JFK: My Memories of His Assassination on this Day in 1963 (video)

JFK: My Memories of His Assassination on this Day in 1963 (video)

JFK: My Memories of His Assassination on this Day in 1963 (video)

It seems as if every generation born in the twentieth century was witness to a tragedy which marked it as its most significant occurrence.

For my parents it was December 7, 1941, the day the Japanese bombed Pearl Harbor. Later generations would perhaps mark the explosion of the space shuttle Challenger in 1986. Certainly the events of 9/11/2001 were the defining moments for millenials.

For those of us born in the beginning and middle of the 20-year Baby Boomer era it was the assassination of President John F. Kennedy on this day in 1963 in Dallas. Ask any of us, and we will be able to tell you where we were and what we were doing on that day.

I was eight years old, attending my tiny parochial school in my small Indiana hometown. It was lunchtime, when we always had lunch at our desks since we didn’t have a lunchroom. The principal herded all the students, from 1st through 8th grade, into the chapel/gym and announced these very words: “The President has been shot.”


I don’t remember the group’s reaction, although I remember a fellow classmate clutching his chest acting like he was shot a là the old TV westerns we watched in those days.

We then returned to our classroom, which had the only TV in the building. The older students joined us and lined the walls of our classroom, where we all watched as the death of the President was announced.

My parents experienced a unique circumstance at the time of the assassination. My father worked for Illinois Bell Telephone in the Gary, Indiana, office, and would call my mother each day at noon. At the time of the assassination they were conversing when my mother heard the radio announce the shooting. She said, “Harold, Kennedy’s been shot,” whereupon he told her he had to hang up. The relays used for telephone service back then — which created a constant cacophony during normal days — were instantly overloaded. Their system had shut down. My dad and other workers couldn’t sustain service.
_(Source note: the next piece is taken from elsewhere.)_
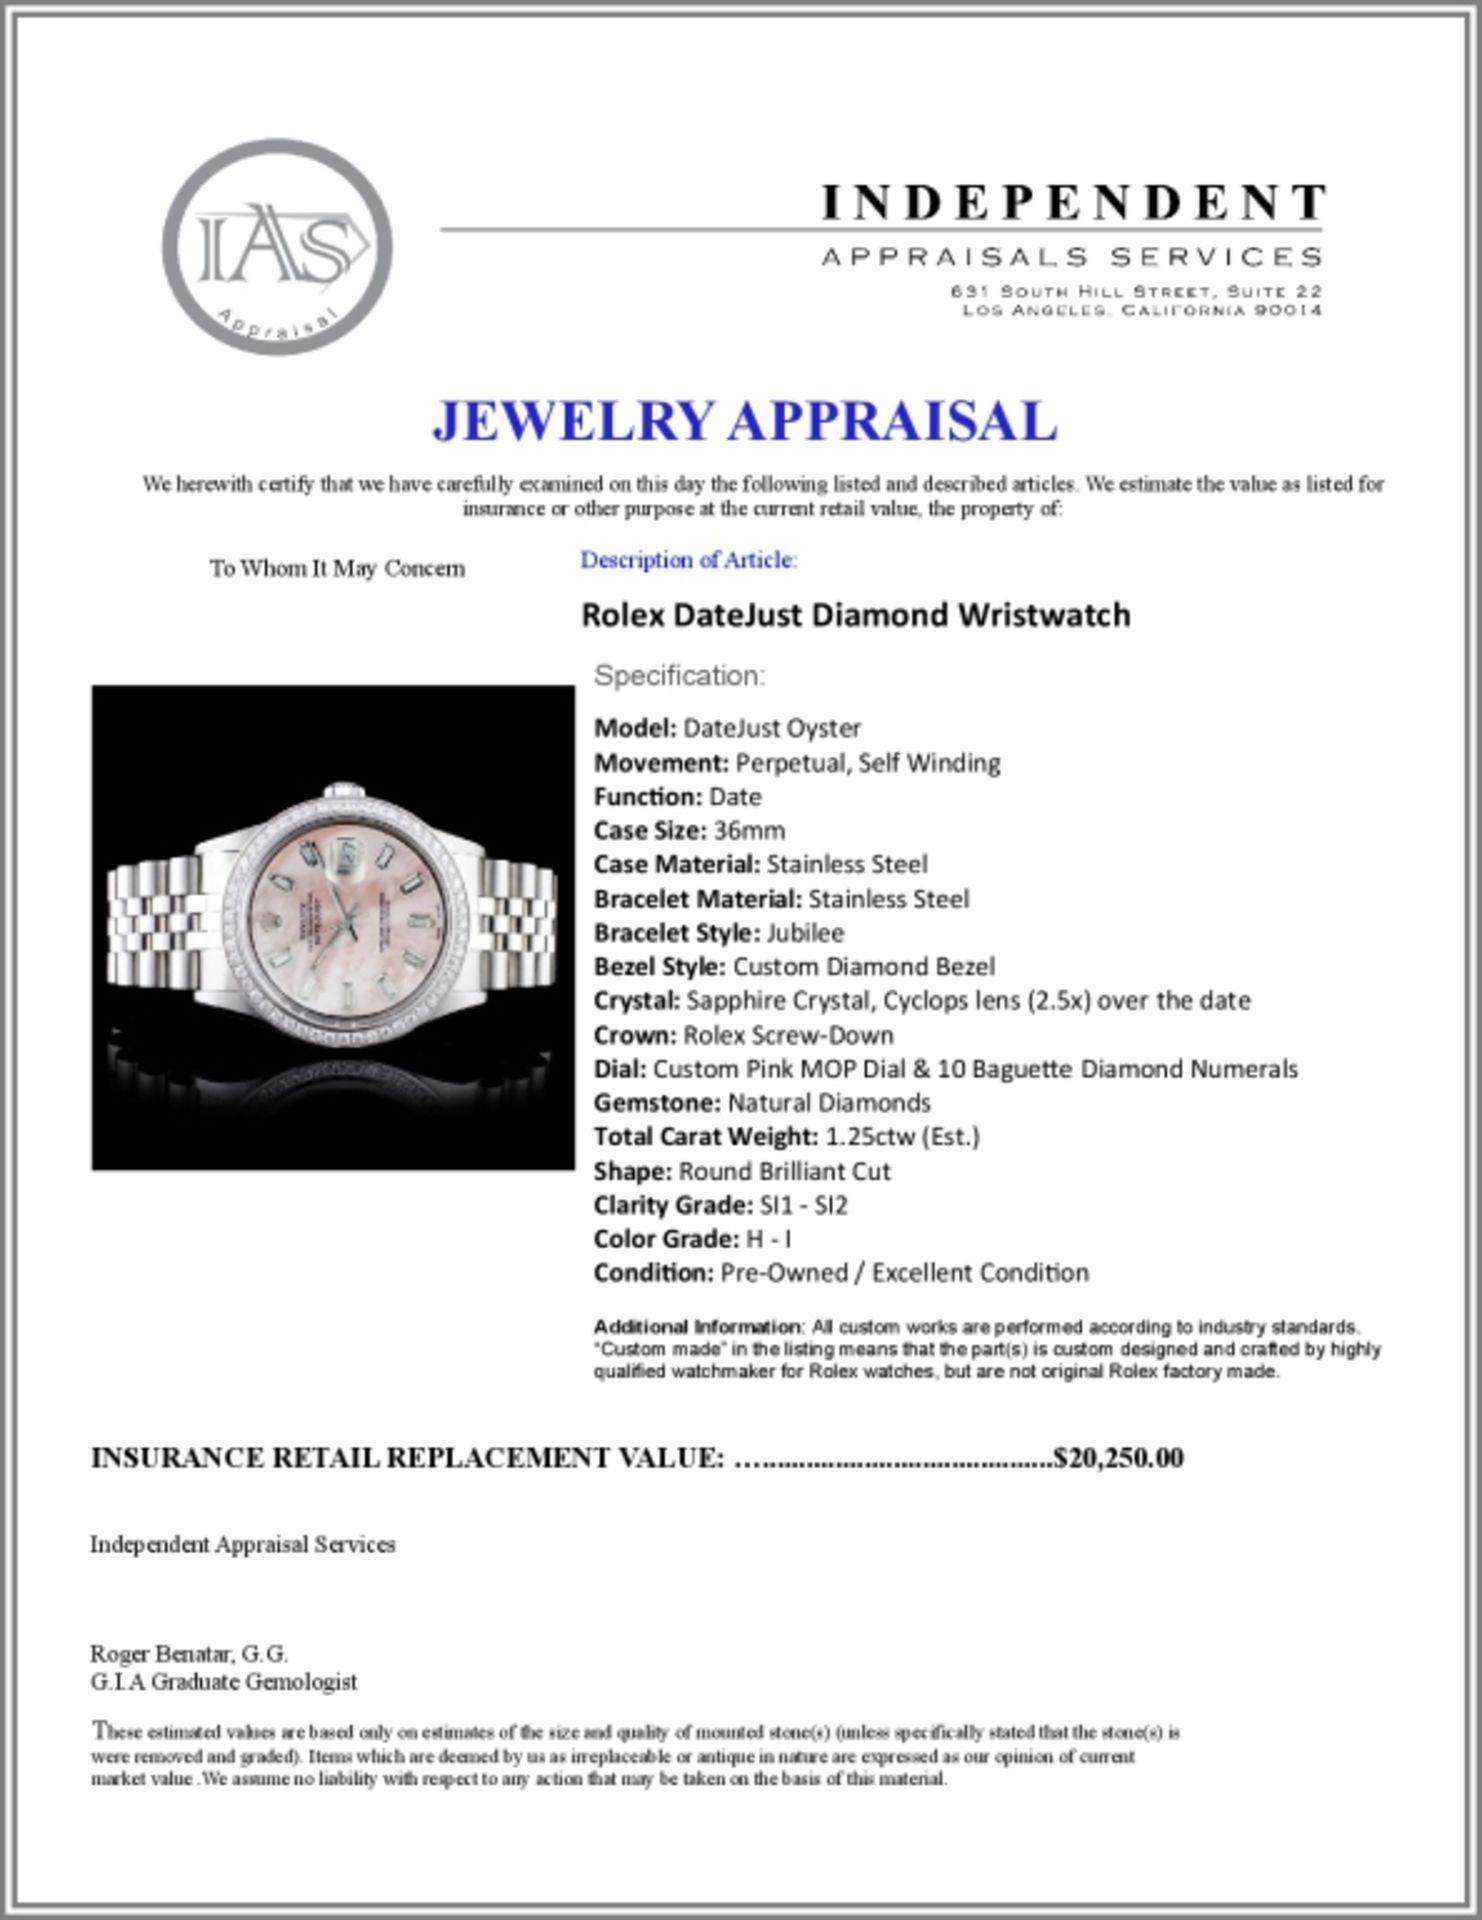 Rolex DateJust Diamond 36mm Wristwatch - Image 5 of 5

I don’t recall much about the intervening days between that Friday and the day of the funeral, the following Monday. I do remember schools being closed on Monday, and I remember watching the funeral on the tiny black-and-white screen of our TV console. I will always remember the sound of the drum cadence, and especially the fractious prancing of Black Jack, the riderless horse who wore a saddle with boots symbolically reversed in the stirrups.

In later weeks I assembled a scrap book about the assassination that consisted of photos and articles from Life and Look weekly magazines, both now defunct. My parents purchased for me a copy of Four Dark Days in Historywhich I stuck inside the scrapbook. They’re all probably stowed somewhere in my parents’ home, although I have no idea where.
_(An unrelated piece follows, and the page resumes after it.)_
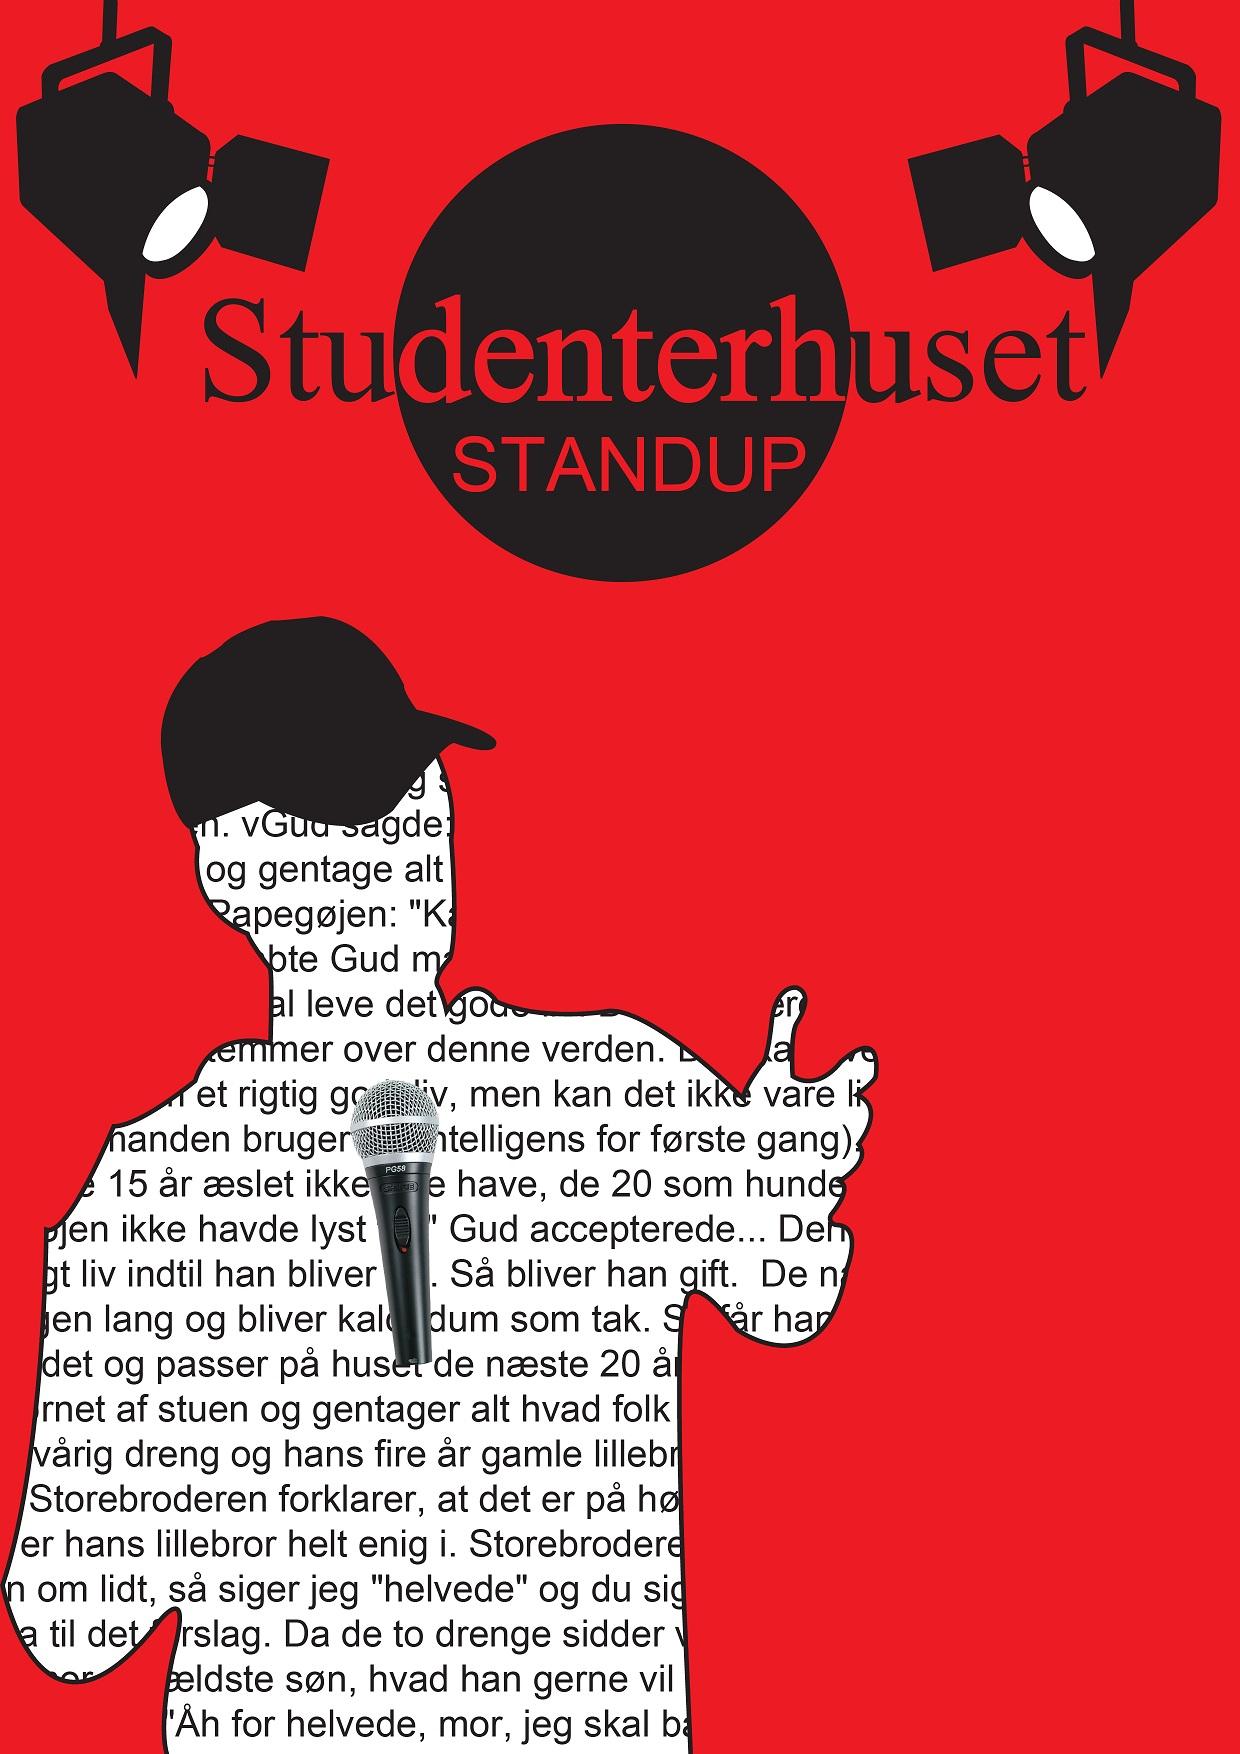 Standup poster

Fifty-two years later, most of the major figures of those days are now gone. Kennedy’s widow Jacqueline has passed on, along with their son John F. Kennedy, Jr. JFK’s brothers, Senators Ted and Robert Kennedy have also passed on, Robert having also been felled by an assassin’s bullet five years later. Only daughter Caroline Kennedy Schlossberg remains.

Such was the day in which a President was murdered, and a little girl in a parochial school was witness to a day which she and others of her era will remember for the remainder of their lives.

Written by

Kim is a pint-sized patriot who packs some big contradictions. She is a Baby Boomer who never became a hippie, an active Republican who first registered as a Democrat (okay, it was to help a sorority sister's father in his run for sheriff), and a devout Lutheran who practices yoga. Growing up in small-town Indiana, now living in the Kansas City metro, Kim is a conservative Midwestern gal whose heart is also in the Seattle area, where her eldest daughter, son-in-law, and grandson live. Kim is a working speech pathologist who left school system employment behind to subcontract to an agency, and has never looked back. She describes her conservatism as falling in the mold of Russell Kirk's Ten Conservative Principles. Don't know what they are? Google them!

1 Comment
  • ccchristie464 says:

    Kim, this recounting of that date, November 22, 1963, really rang true. I was 9 years old and attending a parochial school as well. We lived in the suburbs of Cleveland, Ohio. My older sister and I happened to be off school that day with bad colds, but my aunt called my mom and told her, and then everyone started calling everyone else. The biggest deal was that my best friend called me and said I missed a crazy day at school where the nuns and the teachers were all crying in front of the class. I, too, have the distinct recollection of the riderless horse with the reversed boots … my mother (now 101!) kept pointing that out to me, my sister, and my two younger brothers throughout the funeral procession. I think I remember that image of the horse more than John-John’s salute to his father. I also remember the picture of Caroline and her mother kneeling at the casket, and it looked like Caroline put her hand under the flag covering it. Thanks for these recollections. This year (2018) Thanksgiving Day fell on November 22. It just seemed odd. As you so rightly point out, for Boomers, that remains a very dark day in history.